Ask horse owners where they lack confidence in their horsemanship skills, and often the response will be getting their horse into a trailer for traveling. Notice how often ads selling horses use phrases like “loads like a dream” or “loads and unloads easily.” Yet in my experience, there is a disconnect between the reassuring ads and the bleak reality for most people. Why is smooth trailering such an important quality in a horse? Because loading an unwilling or frightened horse can be a nightmare for both horse and human.
Trailering my horse is a lesson that I’ve recently learned. My daughter and I signed up for a weekend clinic about 25 miles from our home, so a month before the clinic was to begin, I began my trailer loading lessons. I’ll share the specifics later in this article about how I made out, but first let’s look at the principle behind the tactics. It’s not what you might think. The magic is not how you position the horse or the trailer, nor is it about buckets of grain as enticements, and it’s not about brute force either (definitely a losing proposition for the human.)
The key is to understand horse time. A horse’s sense of time is much different than a human’s sense of time. People are driven by the clock. We awake at a certain time by the alarm clock, we drive 23 minutes to work, we eat lunch from noon to one o’clock, and we run staff meetings Thursdays at three p.m. sharp! Then it’s the weekend and we want to take our horse on a trail ride, and we expect our horse to load on our schedule.
That doesn’t work for horses. Horses have a very different sense of time. They don’t live in the past, nor are they anticipating or living in the future. They are living in the moment. They survive by being alert to situations in which they find themselves now, and when they are led to a trailer, they are thinking, “This is a dark, enclosed space, and who knows what predator lurks inside that space.

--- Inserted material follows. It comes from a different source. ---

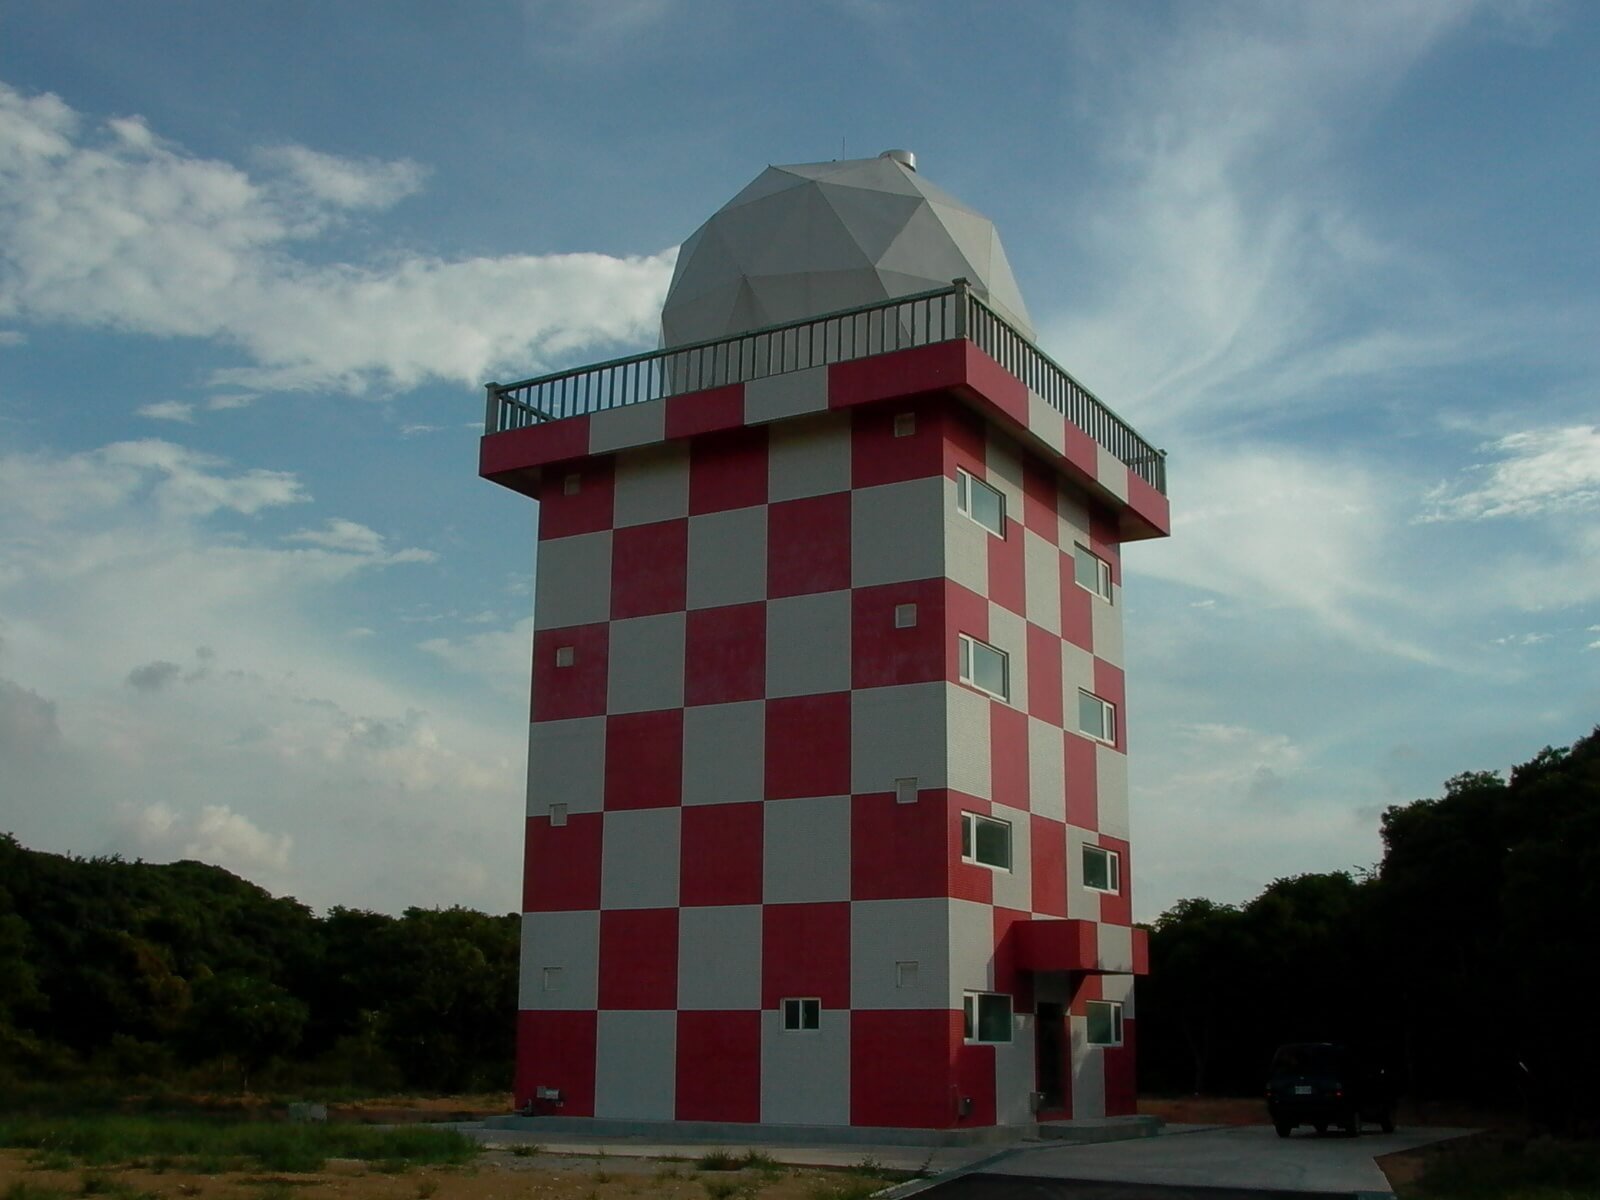 Radar Baron que serve o aeroporto de Taiwan há mais de 15 anos.

How do I escape?”
Do you see the potential train wreck approaching? Human time and horsetime are colliding. And do you know how to avoid the wreck? Be on horse time. Think like a horse. This is one of the truly great aspects of excellent horsemanship—that humans, when with horses, make the choice to live in the moment, which is not always easy. Not to get too philosophical, but some say the key to enlightenment is living in the moment. “Be here now,” Baba Ram Das once said. That’s the way horses are. And it’s critical to understand this concept in terms of every interaction with them. When we’re trying to help our horses into the trailer, if it takes an hour for them to learn it the first time, then we must prepare to patiently invest that time. We’d like them to learn it in three minutes, and maybe six months or a year from now, our horse will load inthree minutes.
With my Arabian gelding Chance, who is my teacher more than I am his teacher, my trailering experience was quite remarkable. My goal was to move from one comfortable experience to the next without caring how long the process took. Chance would let me know. On day one, I brought Chance in to be groomed, picked his feet (which took almost an hour the first time I tried it two years ago and now takes about two minutes—another testimony to horse time), and led him out to the trailer. We walked around it a few times, and I stopped at the back of the open trailer and let him check it out. He snorted, peered inside, and moved forward the tiniest bit. I praised him, walked him back to the barn, and turned him loose.
On day two, I did exactly the same things, and when he moved forward at the trailer, I encouraged him with a calm voice. He placed first one front foot inside the trailer and then a second, and stood quietly. After about ten seconds, when I could feel that he was becoming slightly less comfortable, I encouraged him to back out, and that was that.
On day three, again following the same routine with no expectations on my part, Chance walked right inside the trailer, moved all the way forward, and stood quietly, looking at me with alertness, calmness, and softness. Chance achieved a major milestone that day and did it hisway, on his time frame.
And what did I learn from Chance? It’s not about time. It’s about now.